- Великий государь, не возьмешь ли в подарок царевичу Алексею ради праздника пустяковинную потеху?
Государь маленько пошевелился.
- Ану покажи, покажи!
Фофанов одна нога здесь, другая в лавке. Принес охапку куклешек из шелка, целая псовая охота. Тут и собачьи своры, и зайцы, и волки, медведь, лошади с загонщиками.
Веселая забава.
- Спасибо тебе, Фофанов! Алеша рад будет.
Только и сказал государь. Да ведь такое слово дороже золота. Его и бояре слыхали, и купцы, и пристав. Ого, какой Фофанову почет! Теперь только держись, сановитый народ повалит в лавку, все раскупят, не торгуясь.
В дороге Михаил Федорович крепился, а приехал домой - не хватило силенки из возка выйти.
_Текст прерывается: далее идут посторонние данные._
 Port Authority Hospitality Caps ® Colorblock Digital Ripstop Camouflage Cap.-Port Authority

Лекари мечутся, а помочь не могут.
Царица Евдокия Лукьяновна тоже сложа руки не сидела. Позвала дядю своего, Федора Степановича Стрешнева, дала ему десять рублей денежками и велела идти по тюрьмам - милостыню раздать. А сама со всеми чадами; десятилетней Ириной, восьмилетним Алексеем, семилетней Анной, четырехлетним Иваном и Татьяною, которой было год и восемь месяцев, - кинулась сперва в Ивановский монастырь, а из Ивановского в Знаменский.
Царевичей и царевен берегли от наговора и дурного глаза, а потому вели по улицам, загородив со всех сторон суконными покрывалами. И в церкви людям нельзя было смотреть на царственных чад. Для них отводили особое место и завешивали его тафтой.
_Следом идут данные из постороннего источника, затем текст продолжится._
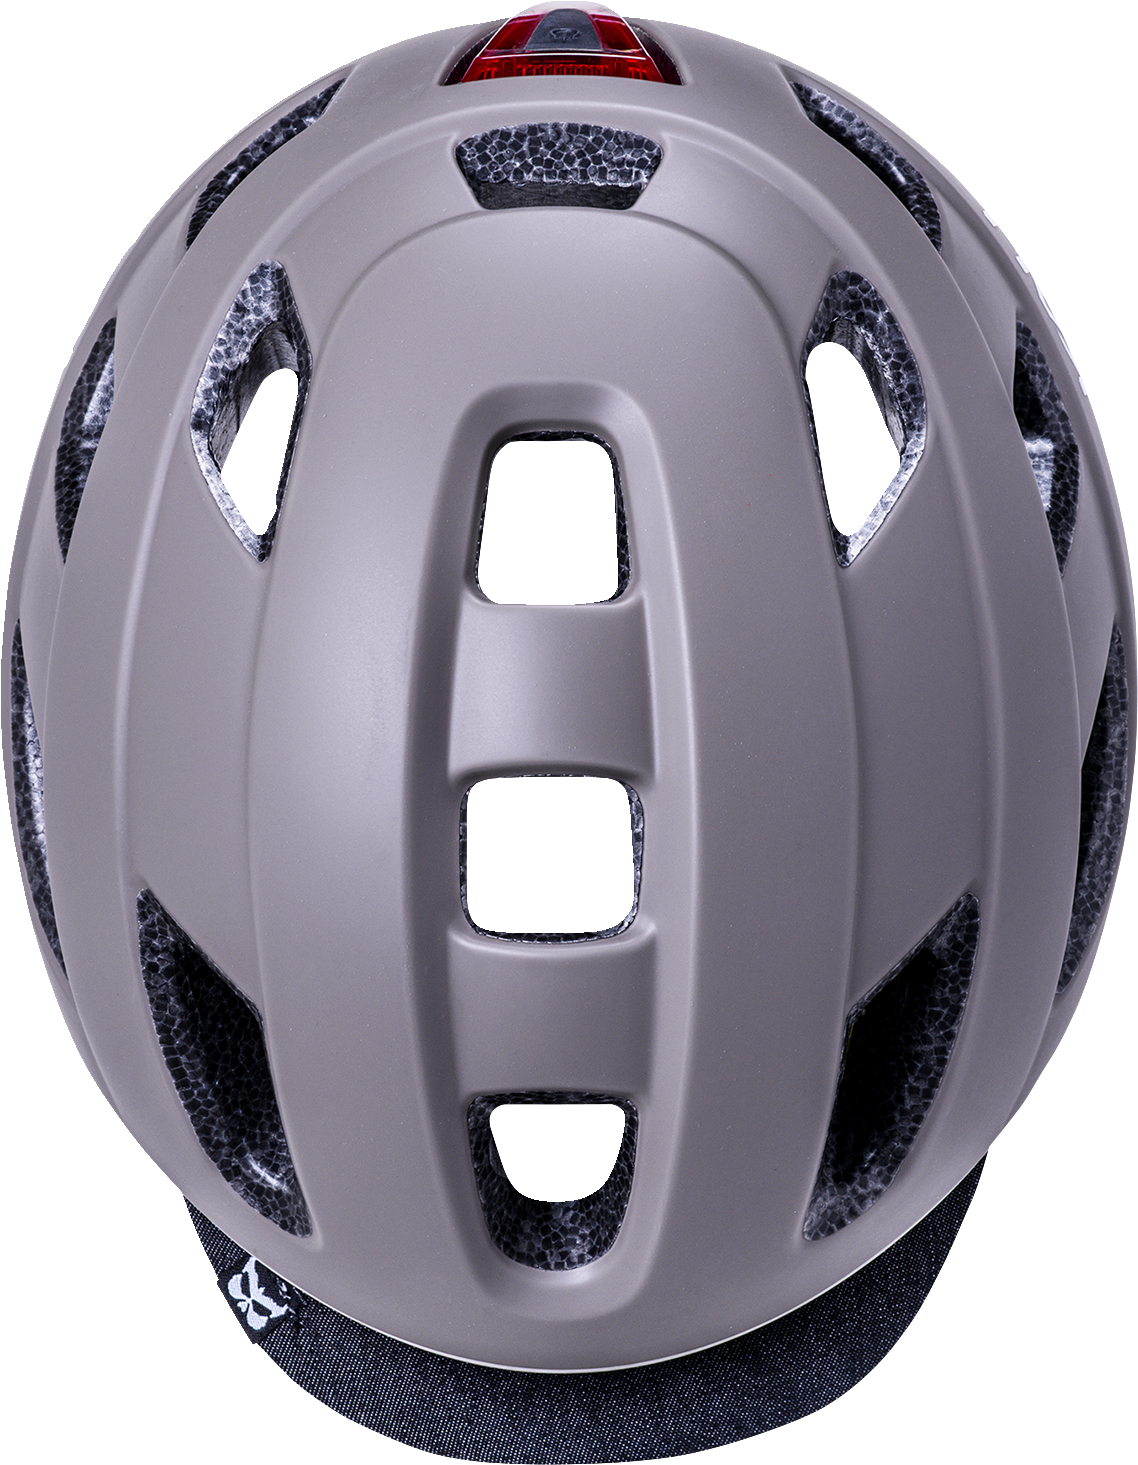 KALI Traffic 2.0 Helmet - Matte Stone - S/M 0250922126

Страшно было царевичу Алексею. Не за себя, не за батюшку - не впервой батюшка захворал. Невесть отчего, но страшно было очень.
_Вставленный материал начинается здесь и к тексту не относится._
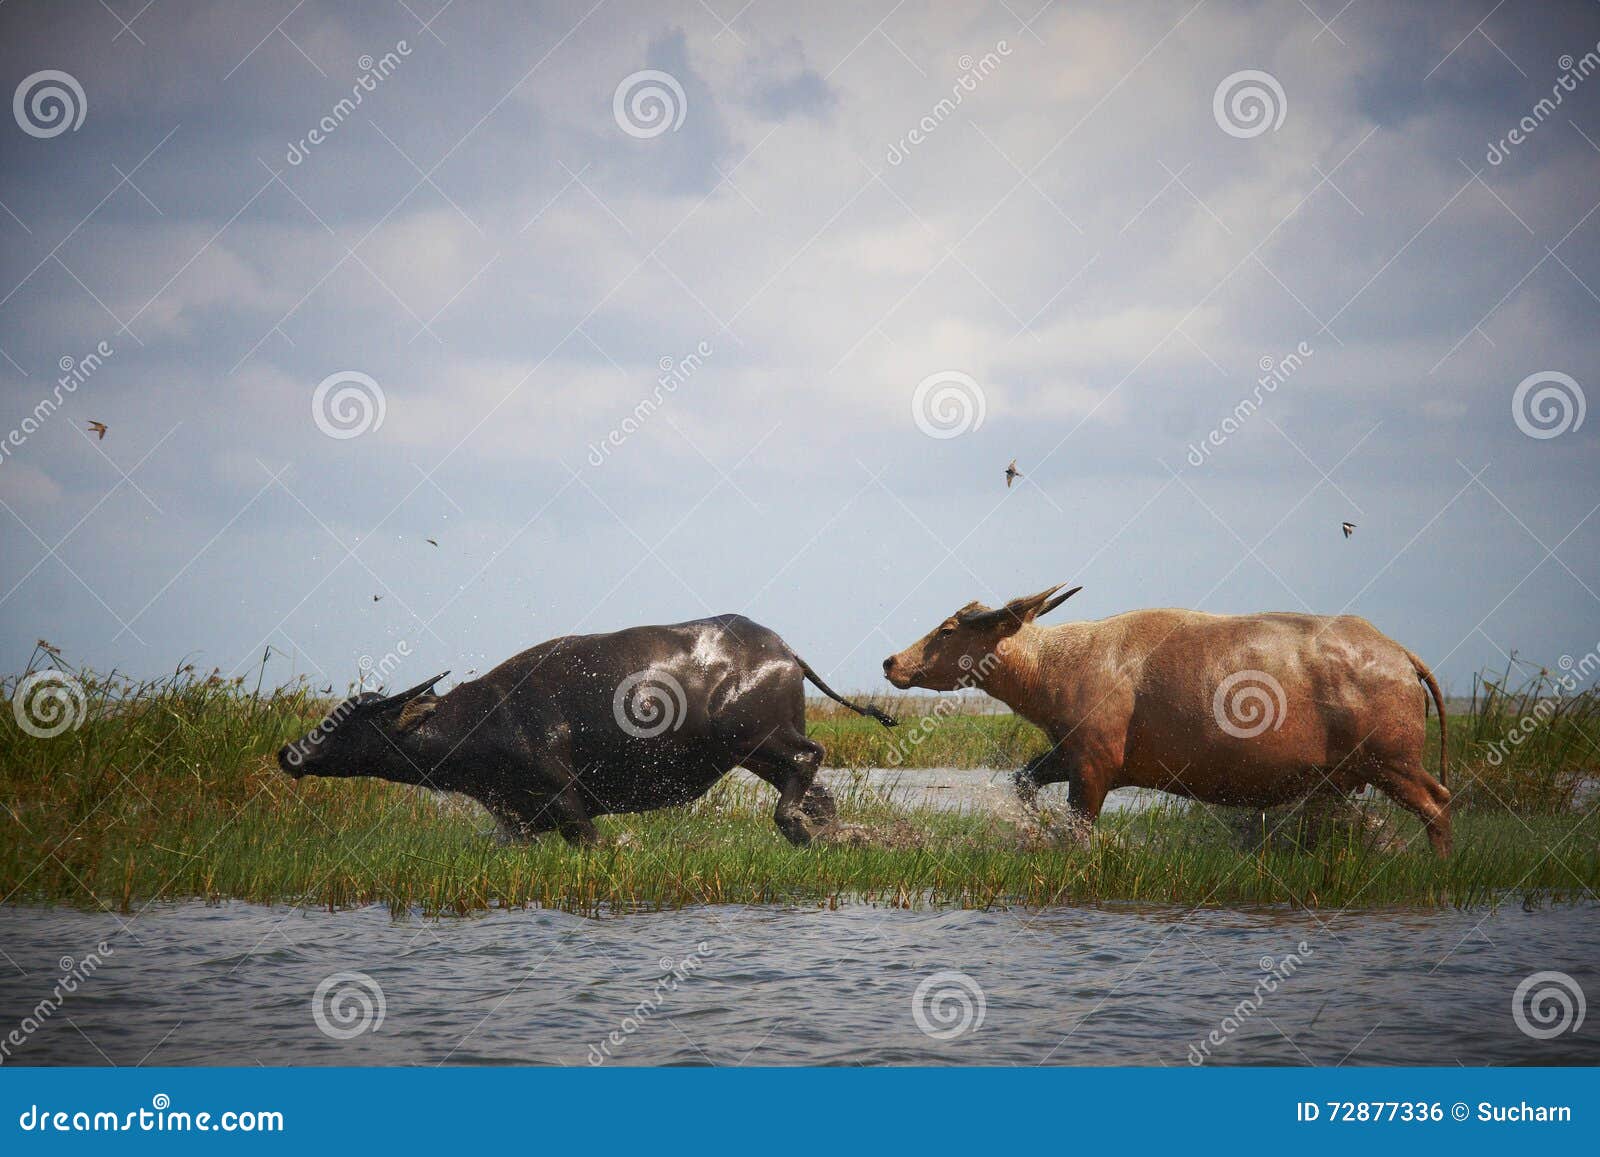 Buffalo on water. stock photo. Image of motion, - 72877336

У матушки лицо снежное, и губы такие же, как лицо, будто они алыми никогда и не были. В глазах ни слезинки, но сияют, словно их подожгли изнутри. Сияют, как глаза мучеников на иконах, и все бегут, бегут! Опору, что ли, ищут? И не видят опоры. Кружат, торопятся, словно птица над ограбленным гнездом.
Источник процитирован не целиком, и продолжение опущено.